The gharana is centered at Shamchaurasi in the Hoshiarpur district of Punjab, India; alternate spellings include Shamchurasi. An explanation of the gharana name is that sham is taken from the name of the Sufi saint, Sant Shami Shah and (chaurasi =84) was named after a cluster of 84 villages which constituted a land revenue unit. According to one legend, the founders were given a parcel of land here as a grant to them by Mughal Emperor Akbar. In an alternate version of the origin, the Mughal Emperor Muhammad Shah "Rangila" was said to have been so impressed by the gharana that he gave all income from the 84 ('Chaurasi' being the Urdu translation of the number) local villages, to the Sufi saint Sant Shami Shah.

==Nazakat and Salamat Ali Khan==
Around the turn of the century, the gharana was represented by Vilayat Ali Khan, who was noted for his dhrupad singing. His sons were Salamat Ali Khan, Nazakat Ali Khan, Tasaddaq Ali Khan, Akhter Ali Khan and Zakir Ali Khan.

The brothers Nazakat Ali Khan (1928–1984) and Salamat Ali Khan (1934–2001) had their debut performance on All India Radio, Delhi in 1942, when Salamat was only 8. They went to Amritsar for a memorable concert:
"When the performance started, it seemed like a feast of musical notes had descended upon us in the audience. Every member of the audience was amazed and in complete awe of the duo. It was almost unbelievable that boys of that age could give such a fine performance. When the drut portion started, the brothers gave a blazing display of taans, sargams and layakari, which left the audience stunned".:

After the 1947 partition of India, the family first moved to Multan, Pakistan and later moved to Lahore. They emerged as one of the leading performers of classical music in Pakistan. Famous Indian playback singer Lata Mangeshkar once reportedly said that Ustad Salamat Ali Khan was the greatest classical vocalist of the Indian subcontinent.

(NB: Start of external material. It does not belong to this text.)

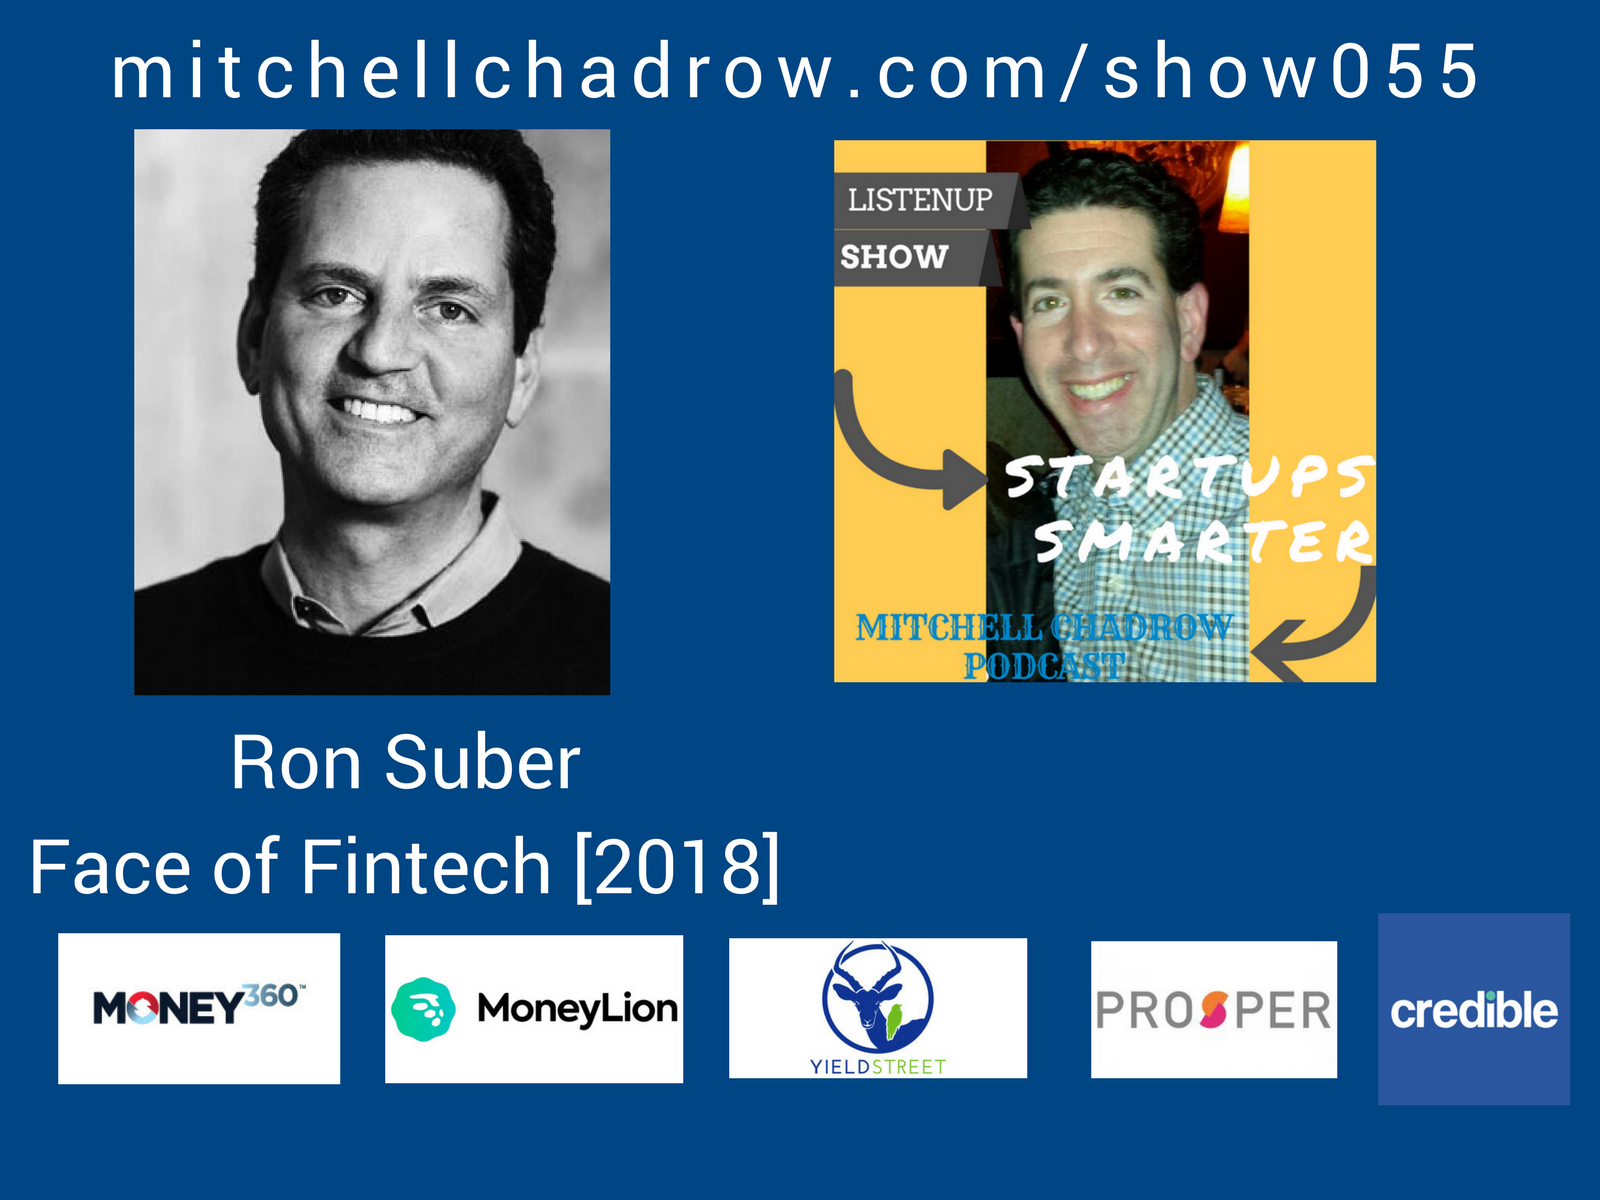 Ron-Suber-Face-of-Fintech-Prosper-MoneyLion-Credible-YieldStreet-Money360-Listen-Up-Show-Mitchell-Chadrow-Podcast-2018

A number of their recordings exist from their very fruitful partnership until 1974. Subsequently, due to differences over finances, they broke up, and then Nazakat Ali Khan died in 1984, but Salamat Ali Khan continued singing along with his sons Sharafat Ali Khan and Shafqat Ali Khan, who continue the Sham Chaurasia tradition. Salamat's second eldest son, Latafat Ali Khan is an exponent of Ghazal, Thumri and Kafi singing.

Notable students (shagird) of Ustad Salamat Ali Khan include Ustad Hussain Baksh Gullo, Ustad B S Narang, Ustad Shafqat Ali Khan, Abida Parveen, and many more.

==Awards and recognition==
Ustad Salamat Ali Khan of the Sham Chaurasia gharana was awarded the Pride of Performance Award in 1977 by the President of Pakistan.